If A Banana Falls In The Forest…

by bdunn on March 3, 2011

in Fruit

When I was a boy, I imagined I might become several things, but none of them was a banana lumberjack.Banana totems wait for the rain and heat

Yet such I’ve become, each year a few weeks after nature’s frosty-freeze wipes out the largest of the banana plants – those with fruit that ripened too late, or an even later flower in lieu of bananas never to be born. These aren’t majestic oaks stretching into the sky; Raja Puri bananas reach maybe 10 feet (although that modest span might’ve actually reached the sky this morning, as a very low fog lent a Hound of the Baskervilles’ air about the place). I dropped five of them, most with extremely wet and juicy trunks of about 6 inches in diameter, soft enough that my hand saw sliced through almost like butter, butter with a little stringy resistance and the slightly spoiled smell of expired prehistoric uber-grass, which is pretty much what a banana is, isn’t it?

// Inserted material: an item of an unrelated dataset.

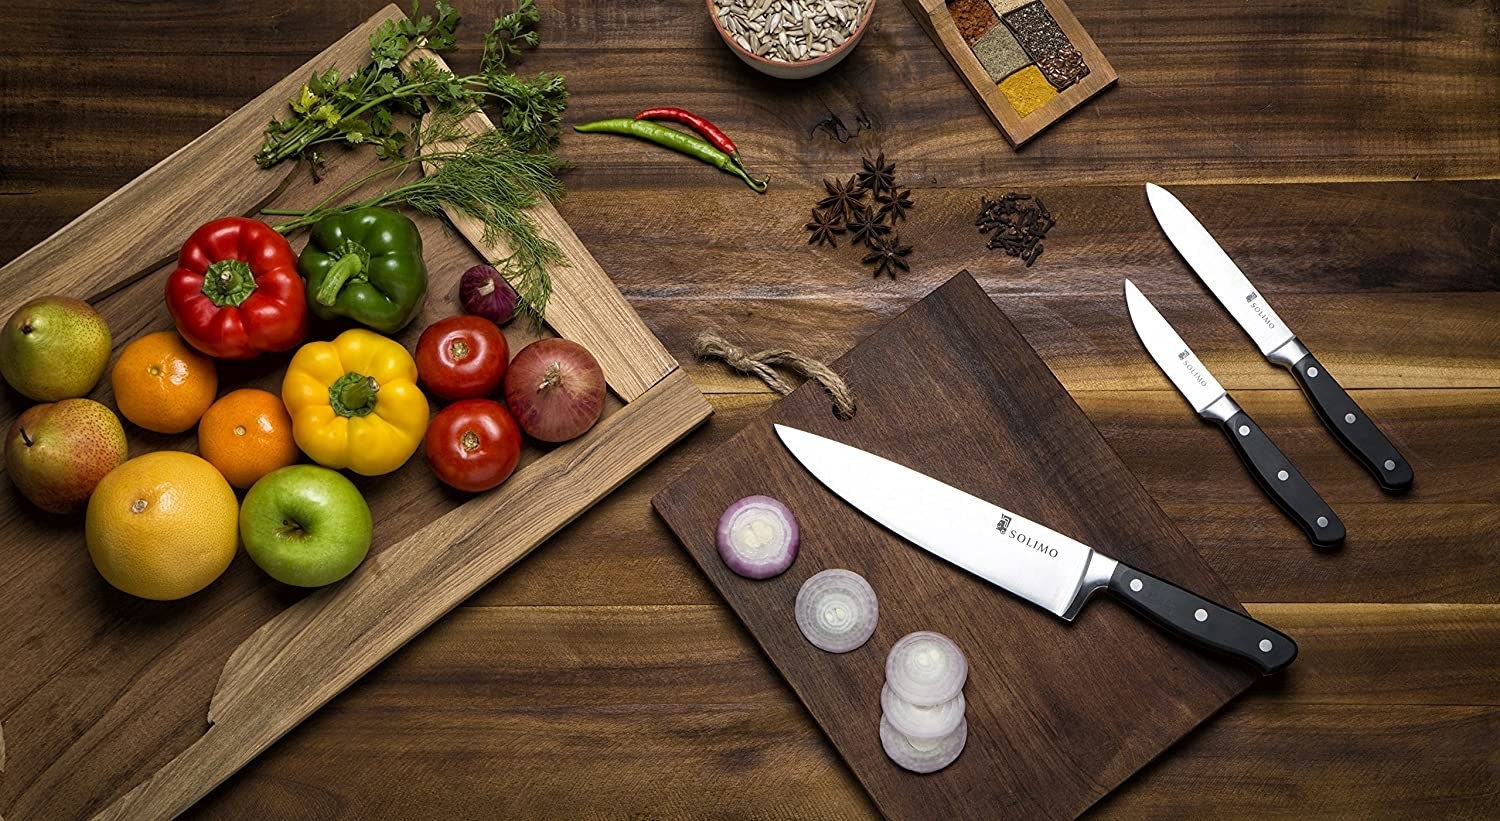 The knives are kept on a wooden chopping board. Vegetables and spices are kept around them.

Short as they are, these water-filled trunks weigh a lot, as water tends to do, and one fell close enough to Bosco the Oblivious Canine that I had to give him a heads up in the form of the “move-your-butt” command.

You cut down the trunks of bananas that bore, or tried to bear fruit before the cold of winter put a stop to their attempt. That’s because once fruit or flower appears, the plant will quickly die, it’s work done, to be replaced by two or three smaller stalks just waiting for a little more sun. This year the cold winter killed several of the small banana stalks, too. But the large and mid-sized stalks appear to be mostly firm, a few just a little mushy near the top. This is a sign they yet live, so you don’t cut them back to ground level, because a large-stalked Raja Puri is likely to produce fruit fairly early on, meaning that you can harvest it before next winter’s mean old cold.

After cutting their dried up leaves with scissors, I observed the green of new leaves pushing through the tops of four or five banana stalks. Soon these ugly brown totems will sheath themselves in tropical green again and all will be well with the world.